I have more than 20 years with backend development and just some limited experience with frontend tech stacks. I tried using LLM initially with for frontend in my personal project. I found that code generation by LLM are so good. It produces code that works immediately with my vague prompts. It happily fixes any issue that I found pretty quick and correct. I also have enough knowledge to tweak anything that I need so at the end of the day, I can see that my project work as expected. I feel really productive with it.

Then I slowly start using LLM for my backend projects at work. And I was so suprise that the experience was completely opposite. Both ChatGPT and Claude generated code that either bad practice or have flaw, or just ignore instructions in my prompt to come back to bad solutions after just a few questions. It also fails to apply common practices from architecture perspectives. So the effort to make it work is much more than when I do all coding myself.

At that point, I thought probably there are more frontend projects used to train those models than in backend projects, therefore quality of code in frontend tech is much better. But when using LLM with another language that I did not have much experience for another backend project, I found out why my experience is so much different as I can now observe more clearly on what is bad and good in the generated code.

In my previous backend project, as I have much more knowledge on languages/frameworks/practice, my criteria was also higher.
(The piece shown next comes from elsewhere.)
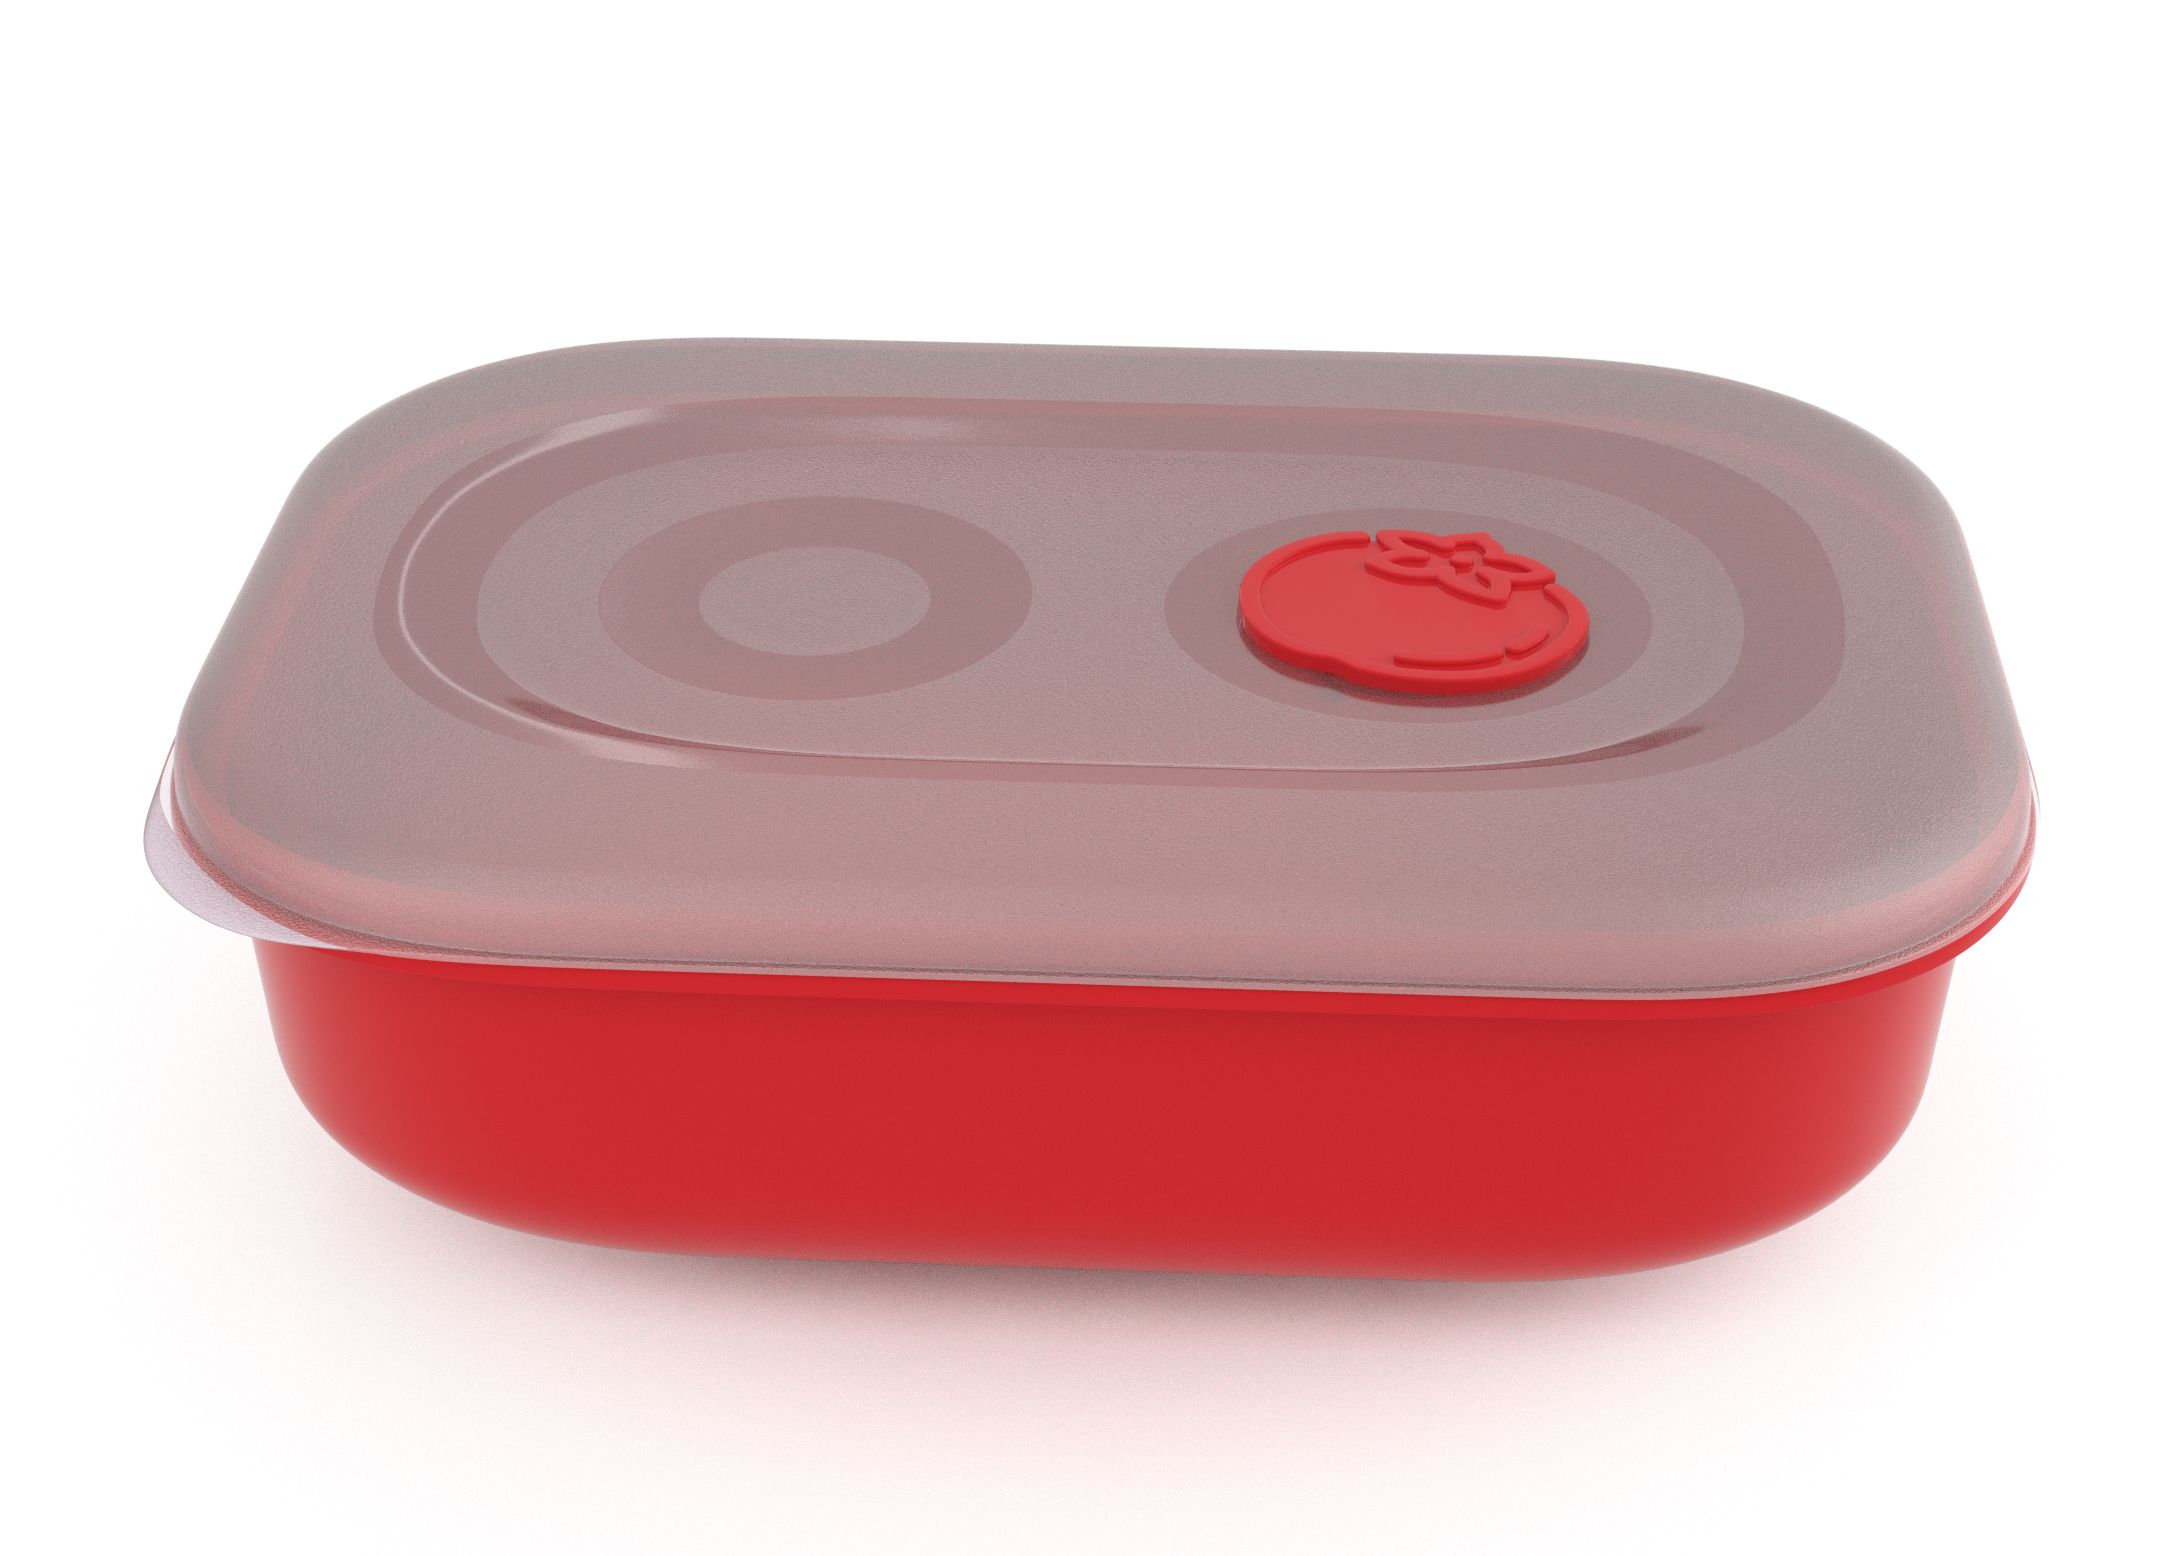 קופסת תמה לוק מלבנית 3 ליטר 9302 עם שסתום עגבניה אדום בהיר

It is not just the code that can run, it must be extensible, in right structure and in good architecture, use correct idiom ... Whereas my frontend experience is more limited, the generated code work as I expected but possibly it also violated all these NFRs that I do not know. It explains why using it with a new program language (something I don't have much experience) in a backend project (my well know domain) I found a mixed experience when it seems to provide me working code, but failed on following good practices.

My hypothesis is LLM can generate code at intemediate level, so if your experience is limited you see it as pure gold. But if your level is much better, those generated code are just garbage. I really want to hear more from other people to validate my hypothesis as it seems people also have opposite experiences with this.

5. Kiro ◴[] No.42176369[source]
> Am I that bad with my prompting skills?

Or you're using skis on gravel. I'm a firm believer that the utility varies greatly depending on the tech stack and what you're trying to do, ranging from negative value to way more than 5x.

I also think "prompting" is a misrepresentation of where the actual skill and experiences matter. It's about being efficient with the tooling. Prompting, waiting for a response and then manually copypasting line by line into multiple places is something else entirely than having two LLMs work in tandem, with one figuring out the solution and the other applying the diff.

Good tooling also means that there's no overhead trying out multiple solutions. It should be so frictionless that you sometimes redo a working solution just because you want to see a different approach.

Finally, you must be really active and can't just passively wait for the LLM to finish before you start analyzing the output. Terminate early, reprompt and retry. The first 5 seconds after submitting is crucial and being able to take a decision just from seeing a few lines of code is a completely new skill for me.